0546_Supporting Statement_2019

U.S Food and Drug Administration

Food Additive Petitions and Investigational Food Additive Exemptions

OMB Control No. 0910-0546

SUPPORTING STATEMENT

Terms of Clearance: None.

A. Justification

1. Circumstances Making the Collection of Information Necessary

This information collection supports Food and Drug Administration (FDA, us or we) regulations. Section 409(a) of the Federal Food, Drug, and Cosmetic Act (FD&C Act) (21 U.S.C. 348(a)) provides that a food additive shall be deemed to be unsafe unless its use is permitted by a regulation which prescribes the condition(s) under which it may safely be used, or unless it is exempted by regulation for investigational use. Section 409(b) of the FD&C Act (21 U.S.C. 348(b)) specifies the information that must be submitted by a petitioner to establish the safety of a food additive and to secure the issuance of a regulation permitting its use in animal food.

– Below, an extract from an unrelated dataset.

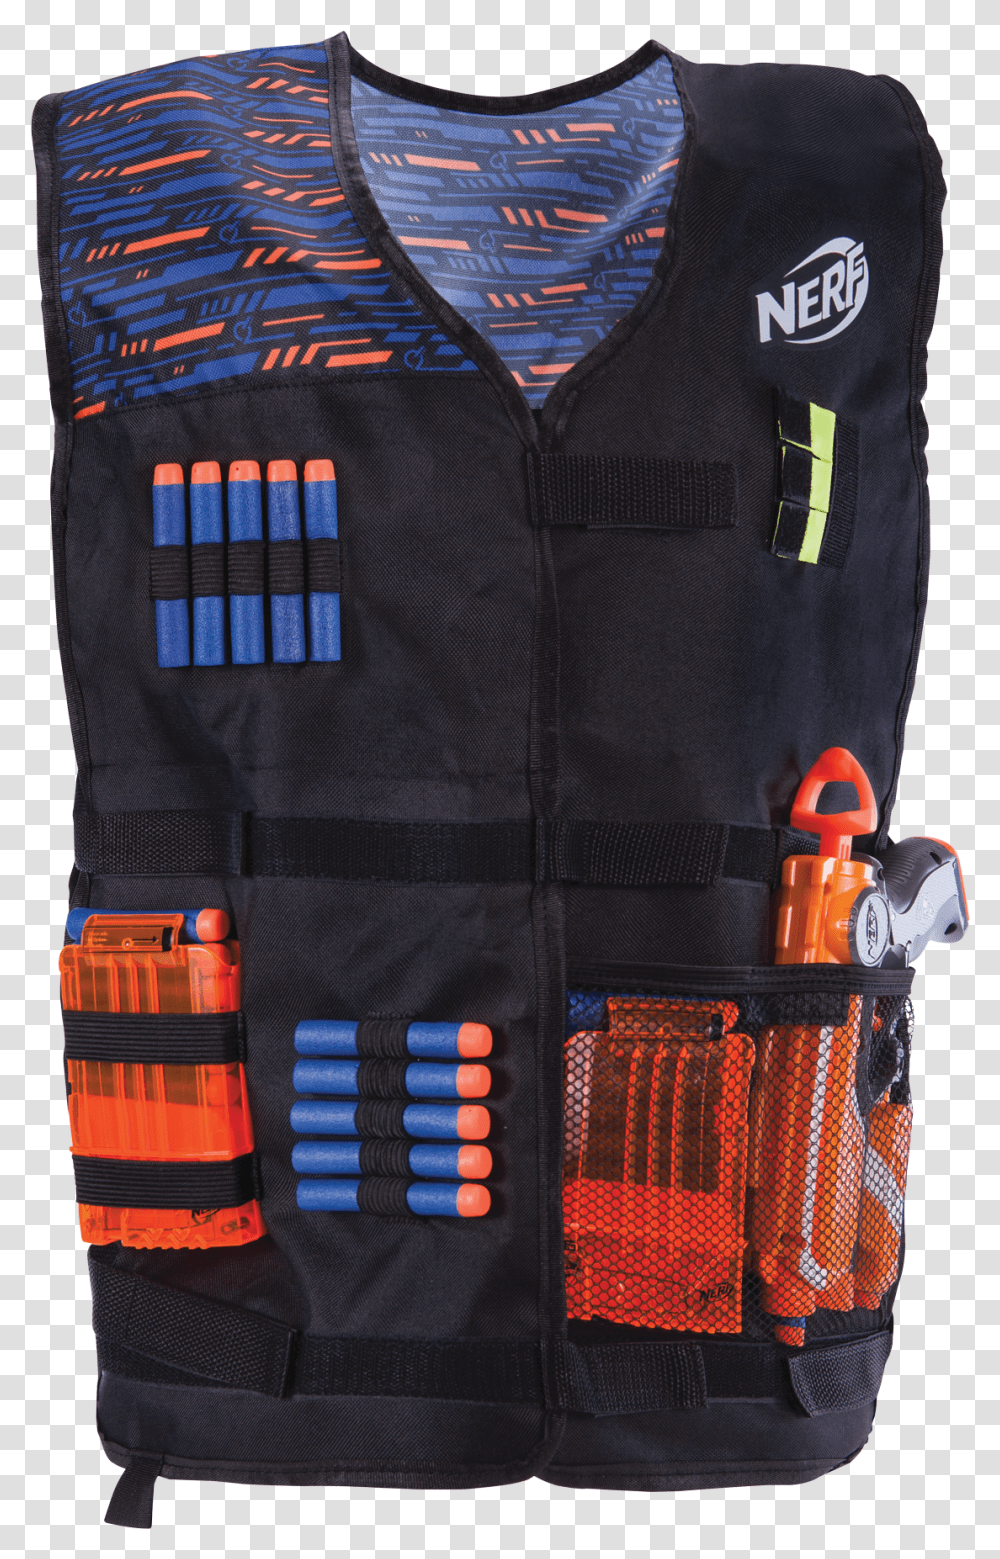 New Nerf Gun Vest, Apparel, Lifejacket Transparent Png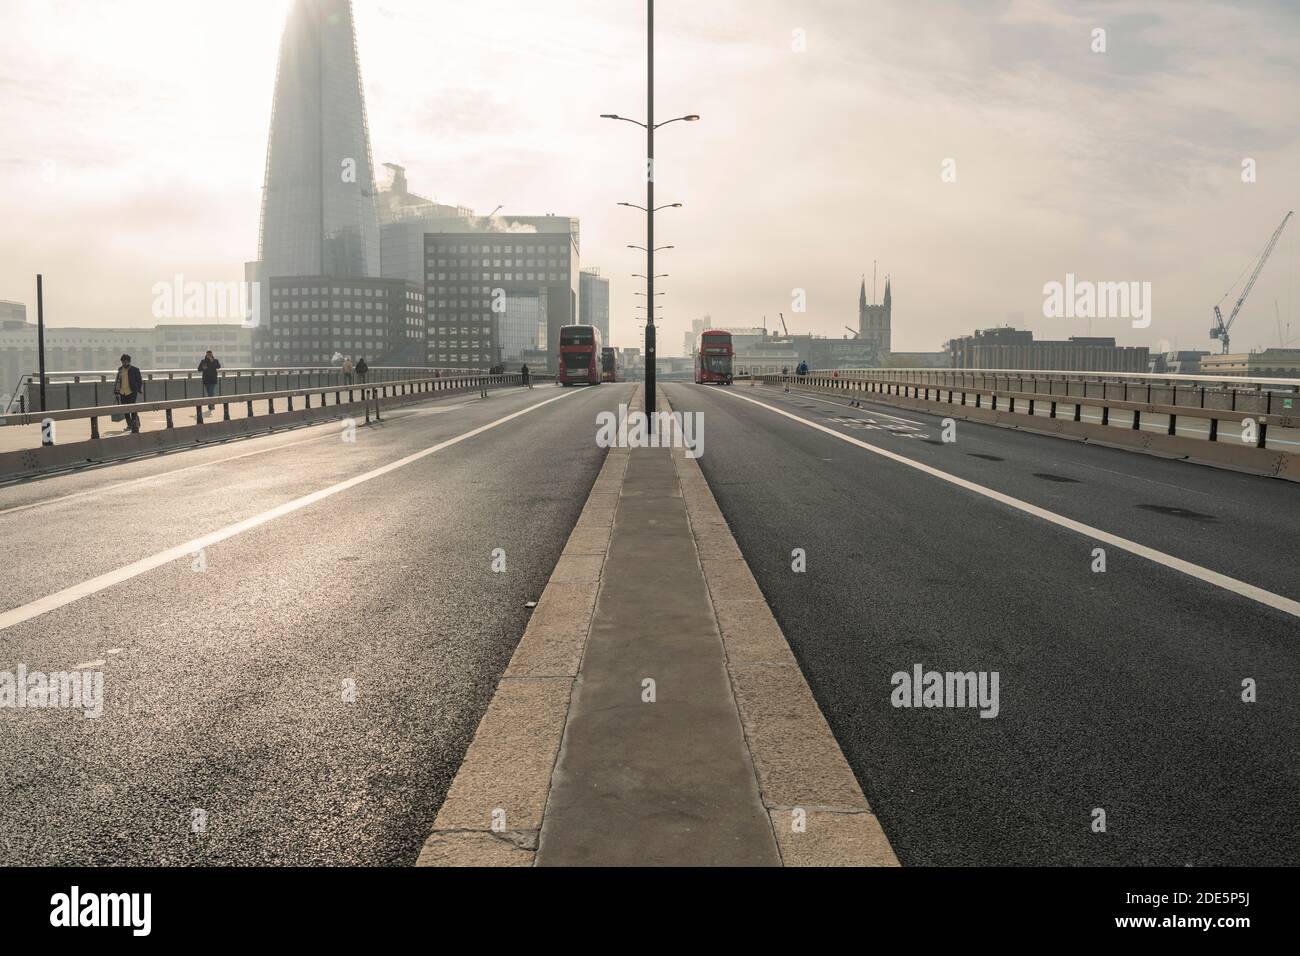 Des routes et des rues calmes, vides et désertes à Londres dans le cadre du confinement pandémique du coronavirus Covid-19 au Shard à London Bridge, sans circulation pendant les heures de pointe Banque D'Images

To implement the provisions of § 409 of the FD&C Act, we issued procedural regulations under 21 CFR part 571. These procedural regulations are designed to specify more thoroughly the information that must be submitted to meet the requirement set down in broader terms by the FD&C Act. The regulations add no substantive requirements to those indicated in the FD&C Act, but attempt to explain these requirements and provide a standard format for submission to speed processing of the petition. Labeling requirements for food additives intended for animal consumption are also set forth in various regulations contained in 21 CFR parts 501, 573, and 579. The labeling regulations are considered by FDA to be cross-referenced to § 571.1, which is the subject of this same OMB clearance for food additive petitions.

With regard to the investigational use of food additives, § 409(j) of the FD&C Act (§ 409(j)) (21 U.S.C. 348(j)) provides that any food additive, or any food bearing or containing such an additive, may be exempted from the requirements of this section if intended solely for investigational use by qualified experts. Investigational use of a food additive is typically to address the safety and/or intended physical or technical effect of the additive.

To implement the provisions of § 409(j), we issued regulations under 21 CFR 570.17. These regulations are designed to specify more thoroughly the information that must be submitted to meet the requirement set down in broad terms by the FD&C Act. Labeling requirements for investigational food additives are also set forth in various regulations contained in 21 CFR 501. The labeling regulations are considered by FDA to be cross-referenced to § 570.17, which is the subject of this same OMB clearance for investigational food additive files.

Accordingly, we request extension of OMB approval of the reporting requirements in the following citations:

21 CFR 571.1 – Reporting

Sets forth the information that must be submitted in a food additive petition.

21 CFR 571.6 – Reporting

Sets forth the process to amend a food additive petition.

21 CFR 570.17 – Reporting

Sets forth the exemption for investigational use and procedure for obtaining authorization to market edible products from experimental animals.

2. Purpose and Use of the Information Collection

The information collected is necessary to protect the public health. We use the information submitted by food manufacturers or food additive manufacturers to ascertain whether the data establish the identity of the substance, justify its intended effect in/on the food, and establish that its intended use in/on food is safe.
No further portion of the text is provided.